Given information START

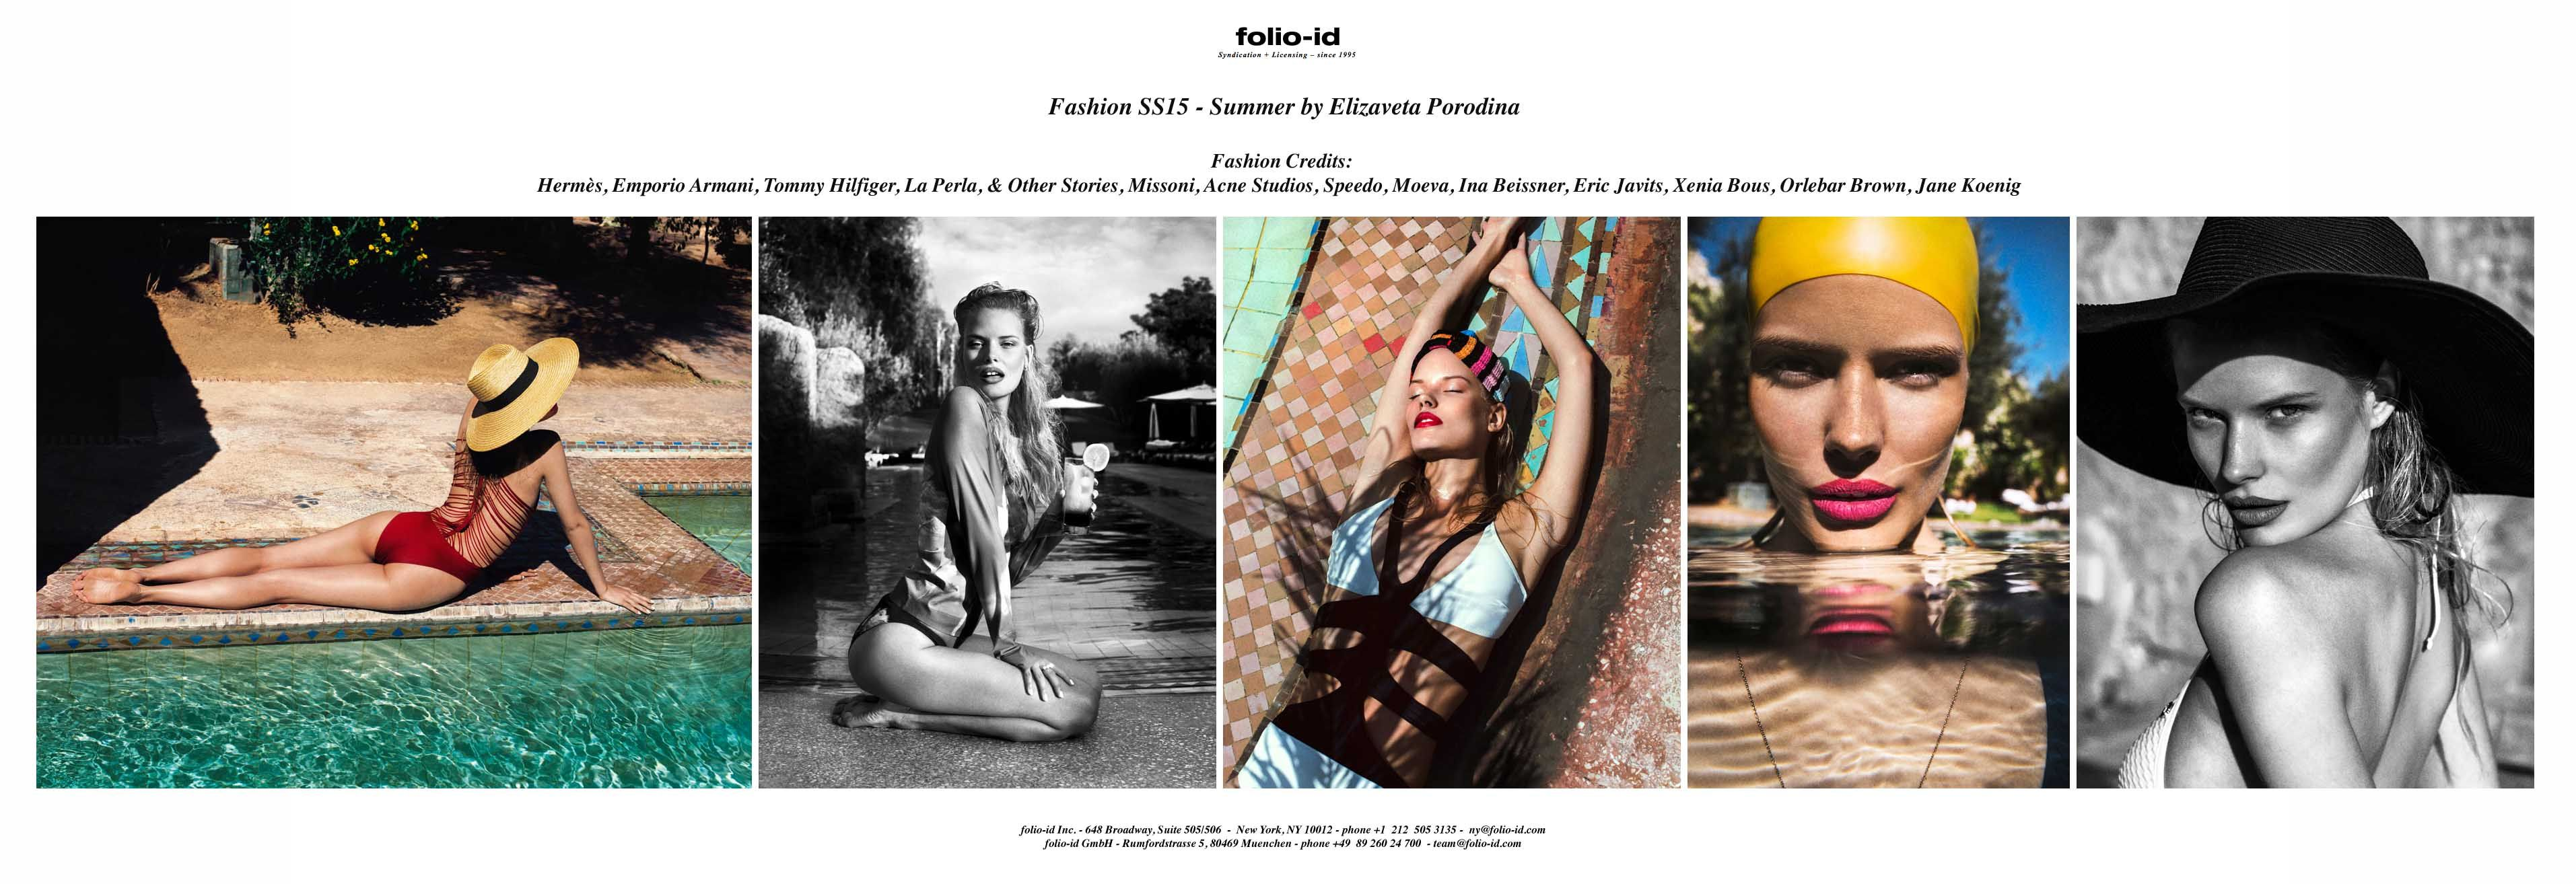 ElizavetaPorodina-folio-id-FashionSS15-Summer-2
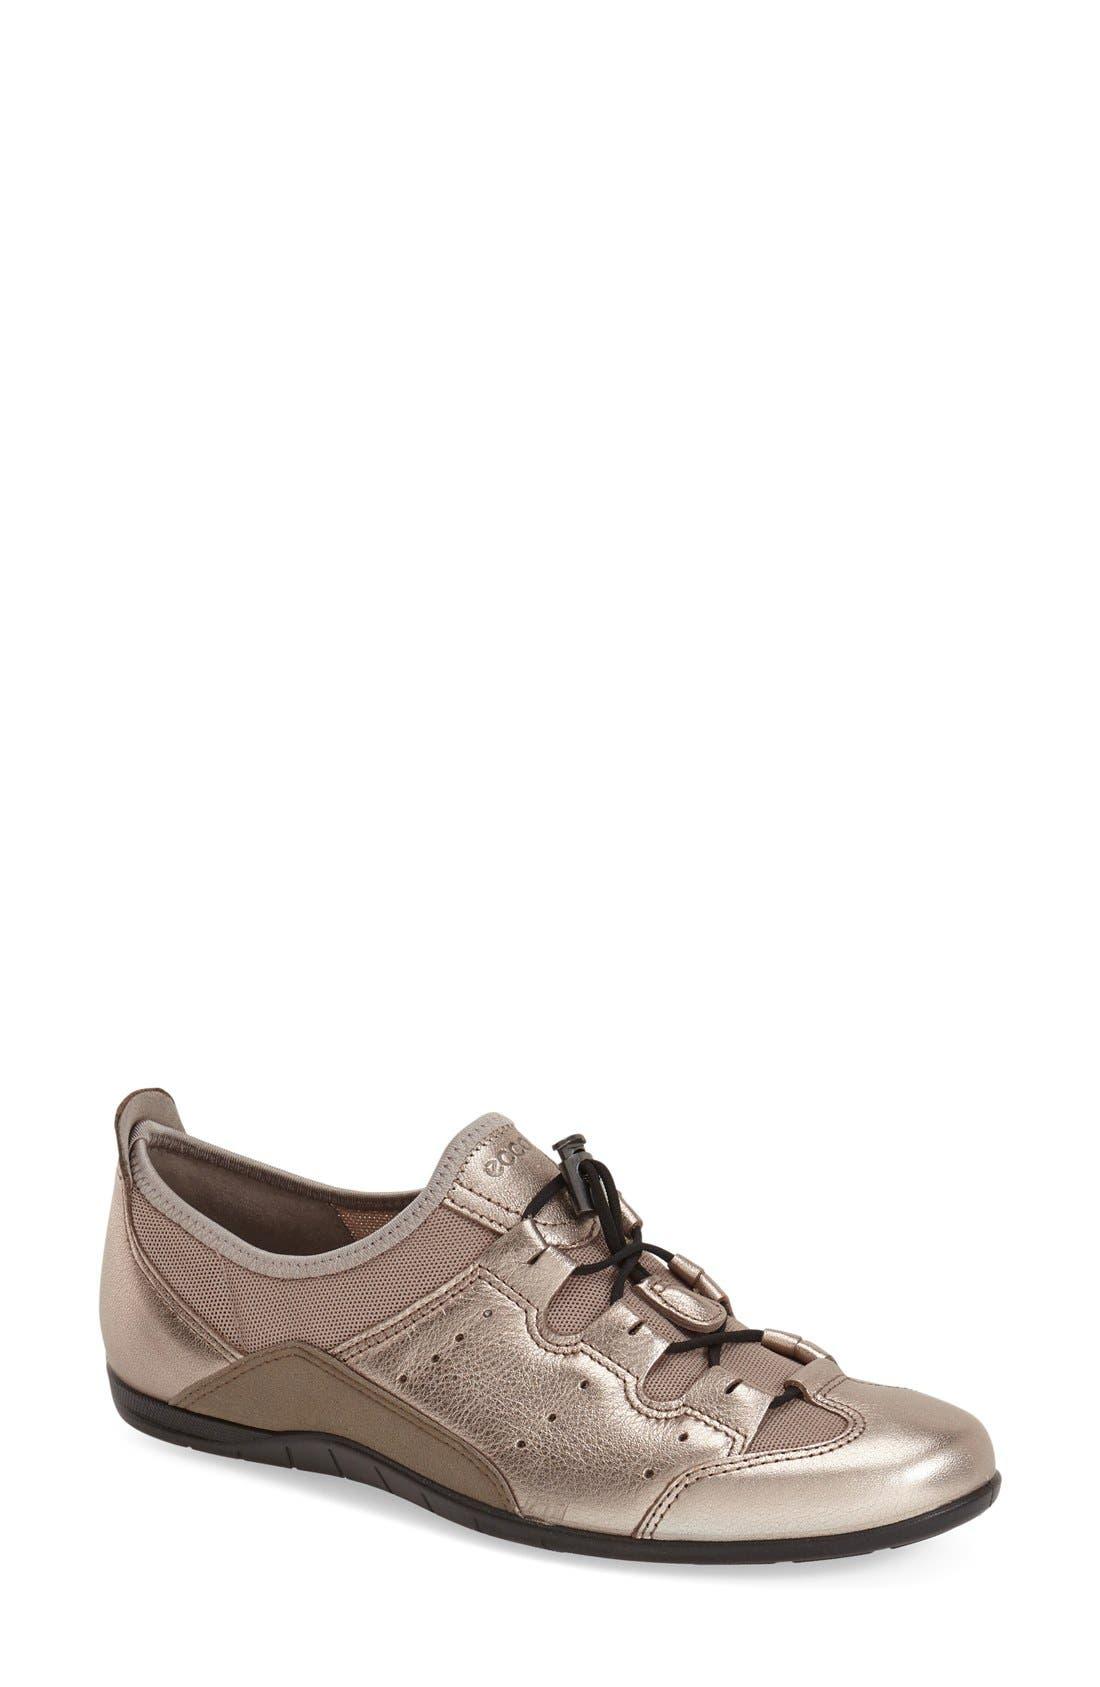 'Bluma' Sneaker,                             Main thumbnail 1, color,                             Grey Leather Fabric
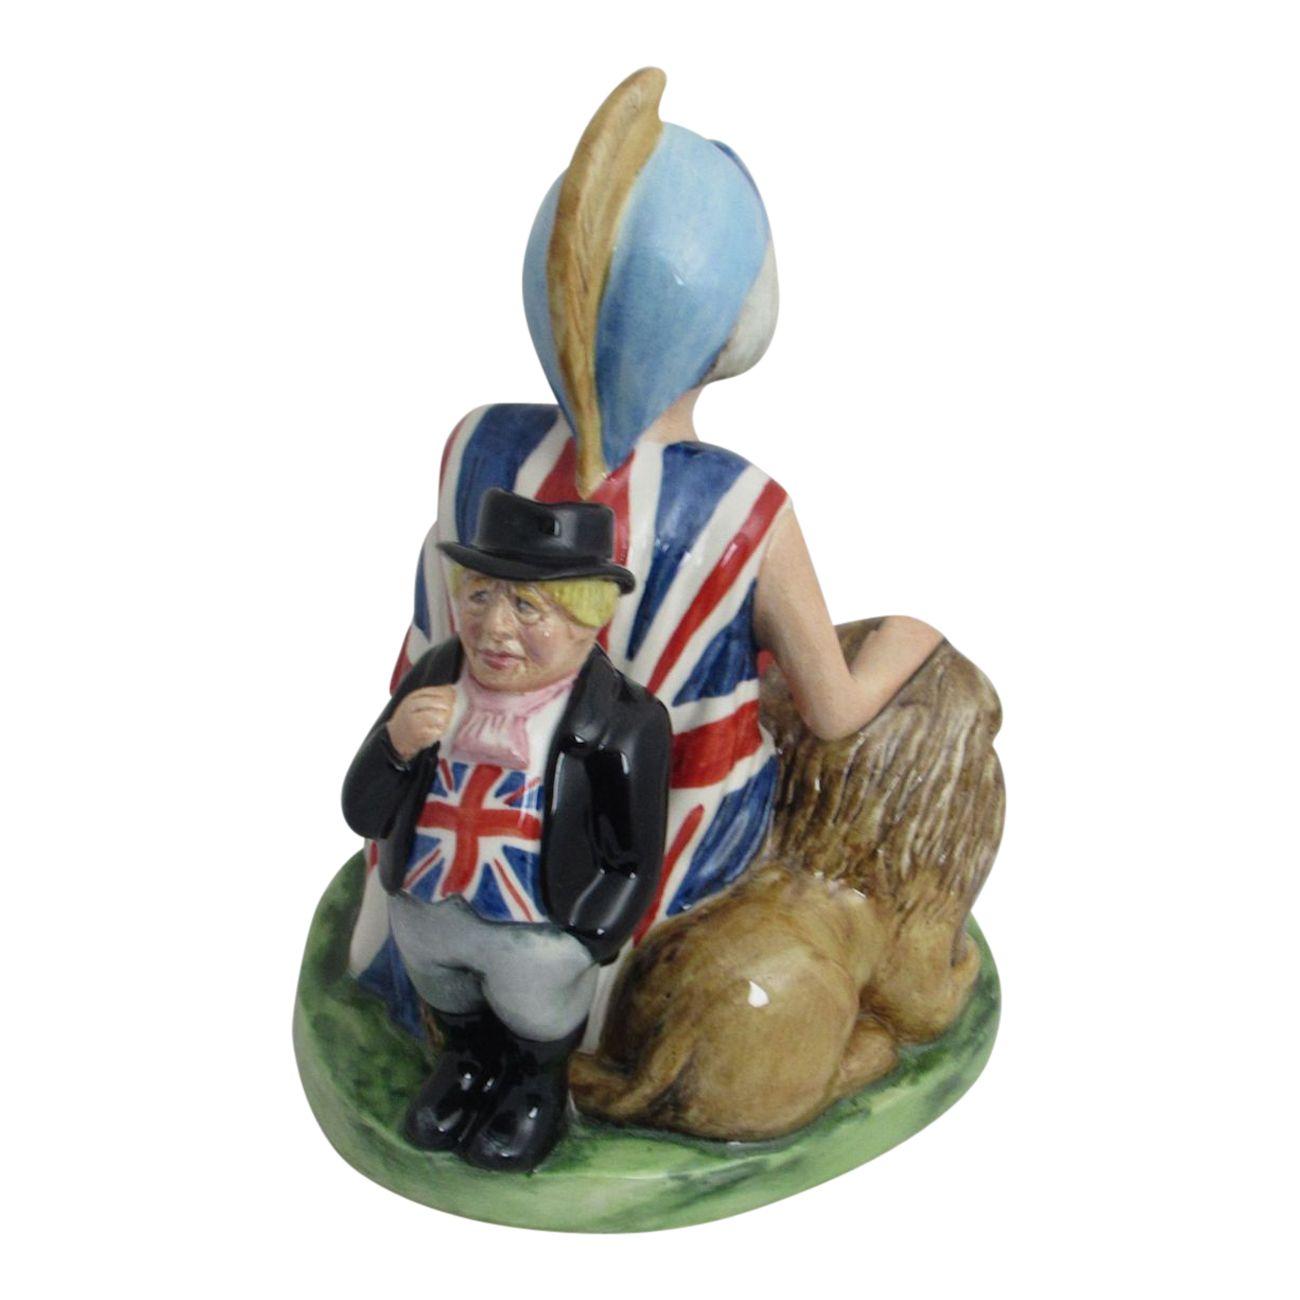 Bairstow Pottery Theresa May Brexitannia Figure Stoke
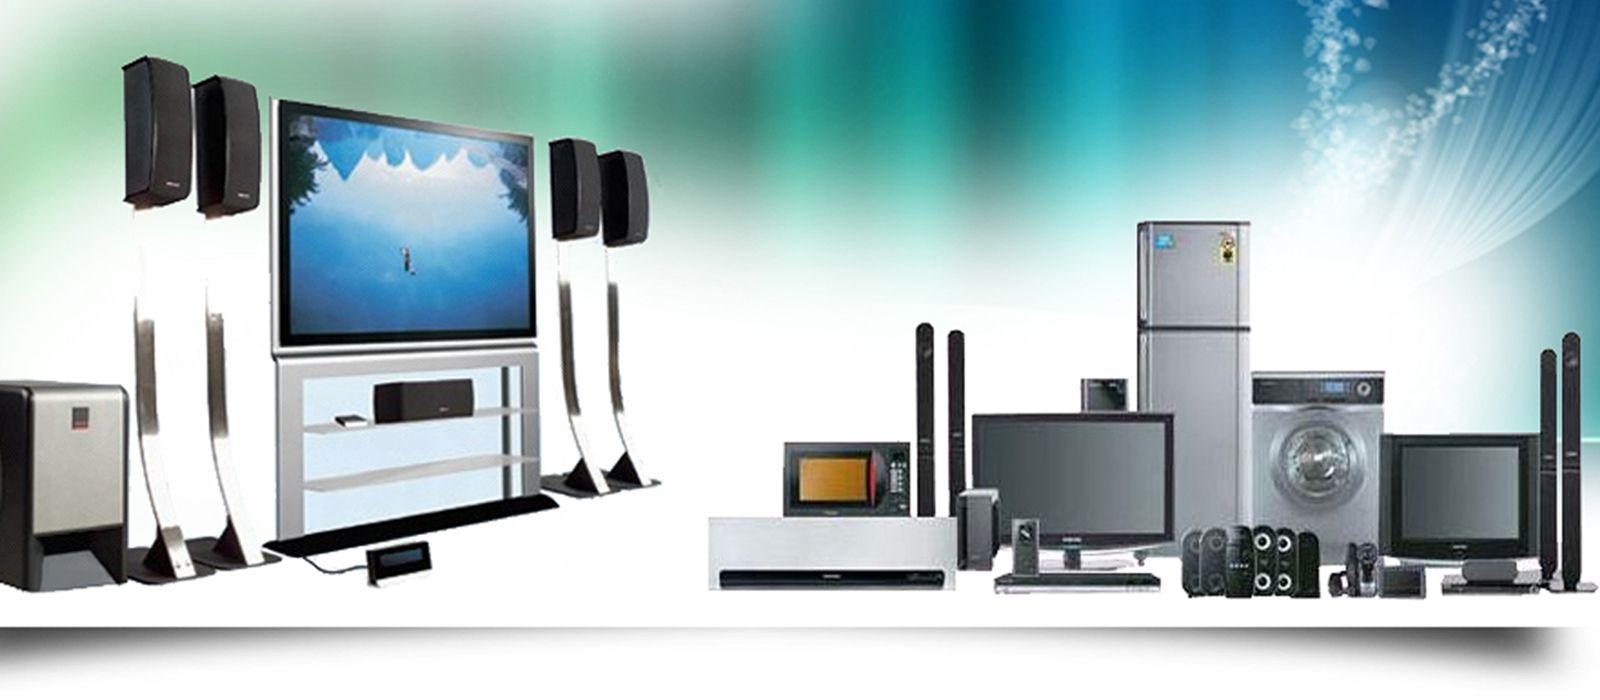 Electronics Offer
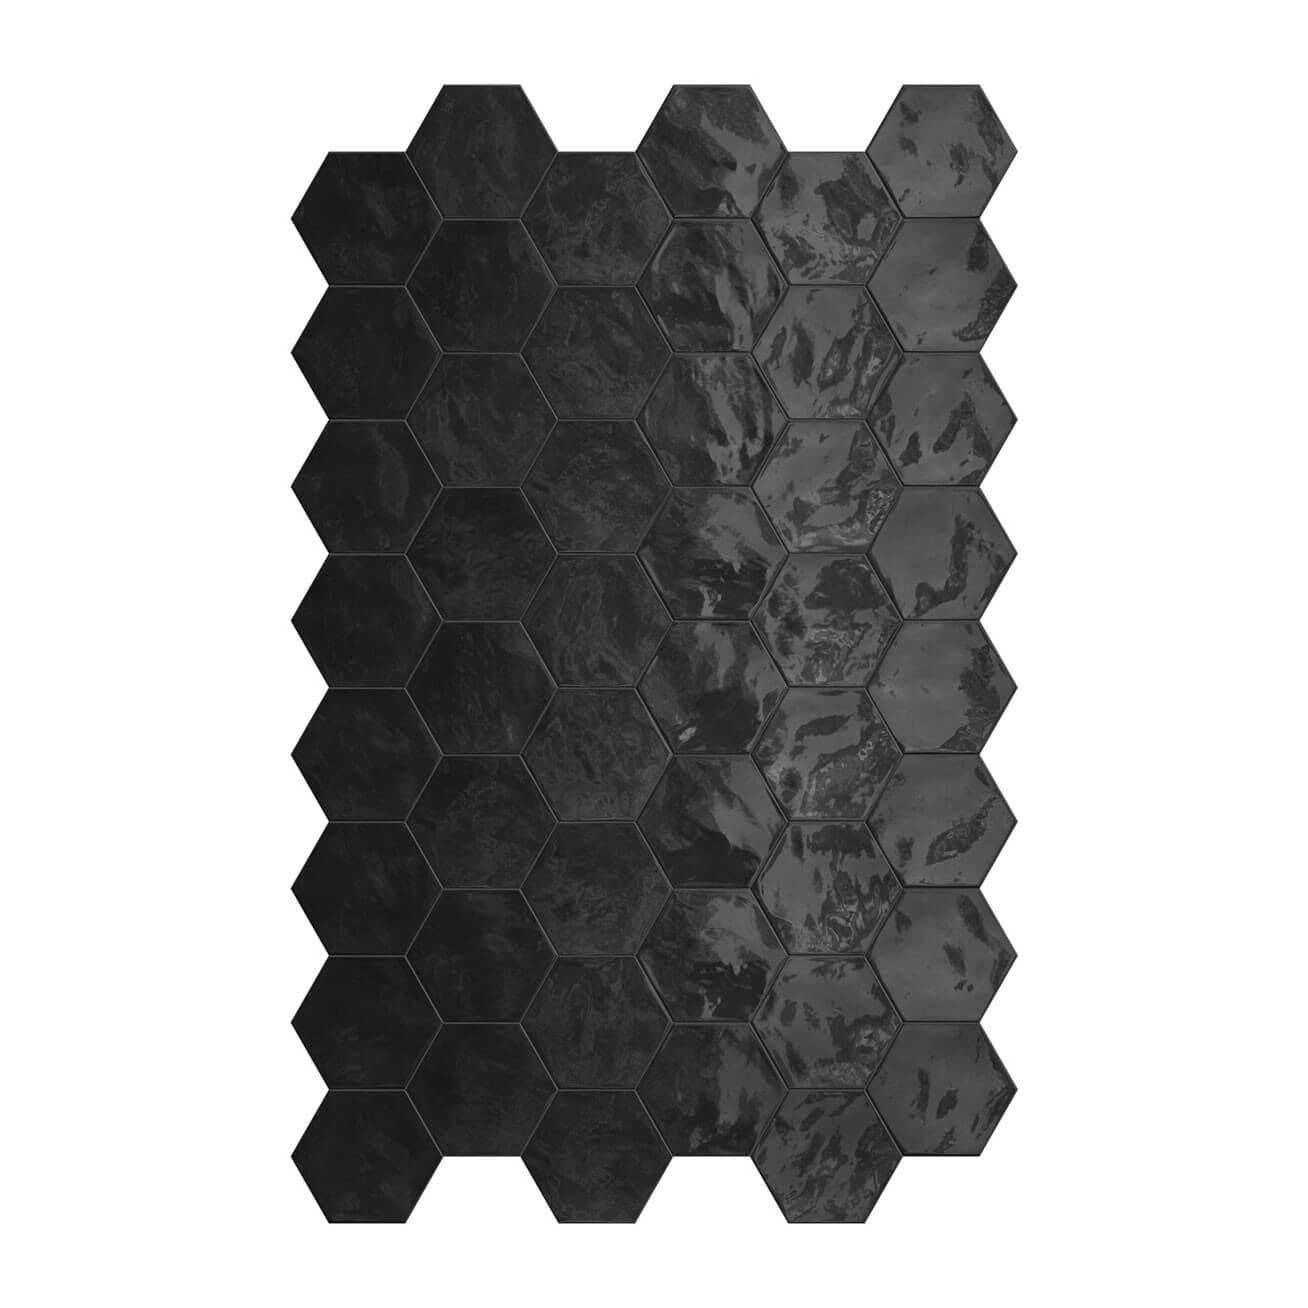 Carrelage hexagonal mur Hexa Wall Black

Given information END

■ Task statement ■
Your response should reproduce the entire listing verbatim, minus the pictures.

■ Expected answer ■
 ElizavetaPorodina-folio-id-FashionSS15-Summer-2
 'Bluma' Sneaker,                             Main thumbnail 1, color,                             Grey Leather Fabric
 Bairstow Pottery Theresa May Brexitannia Figure Stoke
 Electronics Offer
 Carrelage hexagonal mur Hexa Wall Black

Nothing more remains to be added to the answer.